Prove that $\phi(n) \geq \sqrt{n}/2$

Solution 1:

We have

$$ \frac{\phi(n)^2}{n}= \prod_{p|n \ \text{prime}} \frac{(p^{a_p-1}(p-1))^2}{p^{a_p}} = \prod_{p|n \ \text{prime}} p^{a_p-2} (p-1)^2 \geq \prod_{p|n \ \text{prime}} \frac{(p-1)^2}{p} $$

Now for $p\geq 3$ we have $p^2-3p+1=1+p(p-3)\geq 0$ so $p^2-2p+1 \geq p$ and hence $\frac{(p-1)^2}{p} \geq 1$.

So

$$ \frac{\phi(n)^2}{n} \geq \prod_{p|n \ p=2} \frac{(p-1)^2}{p} $$

When $2$ does not divide $n$, this gives a lower bound of $1$. When $2$ divides $n$, this gives a lower bound of $\frac{1}{2}$. In any case, we always have $\frac{\phi(n)^2}{n} \geq \frac{1}{2}$. We deduce the stronger inequality

$$ \phi(n) \geq \sqrt{\frac{n}{2}} $$

Solution 2:

Let $n = p_1 p_2 \cdots p_k q_1^{a_1} q_2^{a_2} \cdots q_l^{a_l}$, where $a_r \geq 2$. Let $m = p_1 p_2 \cdots p_k$, while $s = q_1^{a_1} q_2^{a_2} \cdots q_l^{a_l}$.

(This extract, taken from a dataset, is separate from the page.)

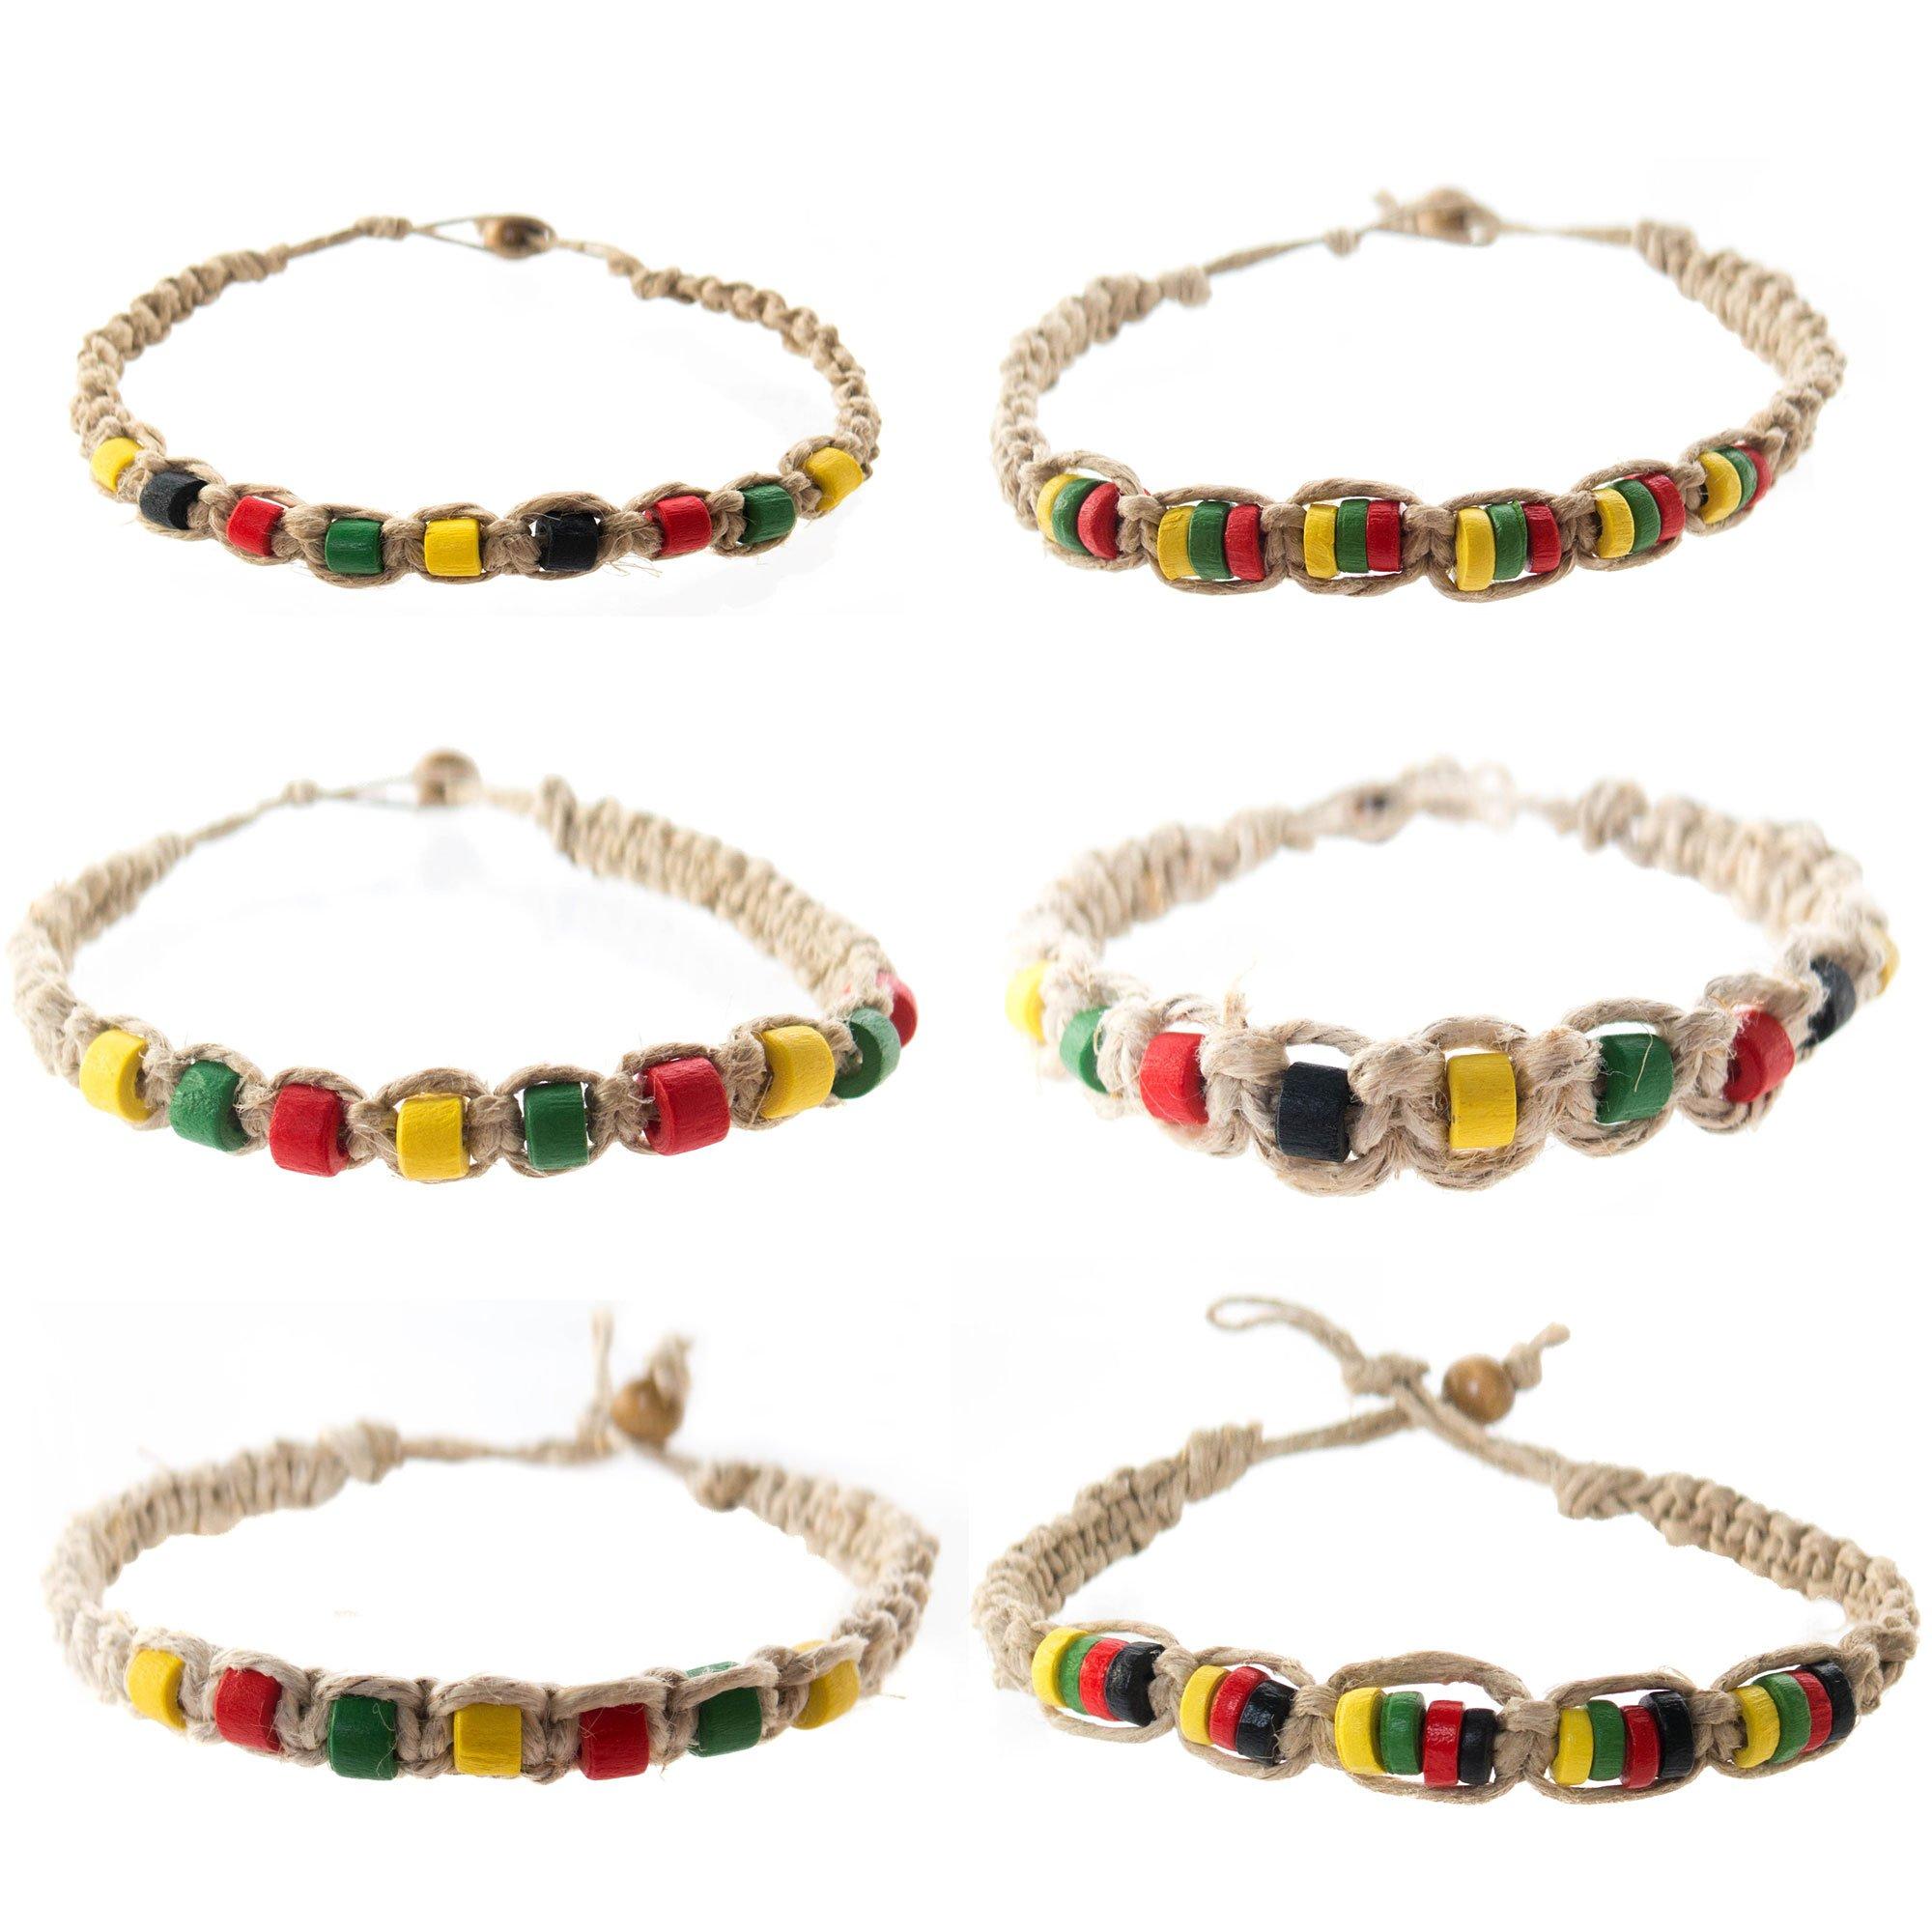 FROG SAC Hemp Bracelet for Men 6 PCs Pack - Rasta Bracelets with Jamaican Color Beads - Handmade - Braided with Natural Rope - Mens Reggae Theme Surfer Summer Jewelry

We then have $\phi(n) = \phi(m) \phi(s)$. Hence, $\dfrac{\phi(n)}{\sqrt{n}} = \dfrac{\phi(m)}{\sqrt{m}} \dfrac{\phi(s)}{\sqrt{s}}$. $$\dfrac{\phi(m)}{\sqrt{m}} = \prod_{i=1}^{k} \dfrac{p_i-1}{\sqrt{p_i}}$$ Now note that $\dfrac{x-1}{\sqrt{x}} > 1$ for $x > 3$. For $p_i=2$, we have $\dfrac{p_i-1}{\sqrt{p_i}} = \dfrac1{\sqrt2}$. Hence, $\dfrac{\phi(m)}{\sqrt{m}} \geq \dfrac1{\sqrt2}$.

$$\dfrac{\phi(s)}{\sqrt{s}} = \prod_{i=1}^{l} q_i^{a_i-1}(q_i-1) \geq 1$$ We hence have $$\dfrac{\phi(n)}{\sqrt{n}} \geq \dfrac1{\sqrt2}$$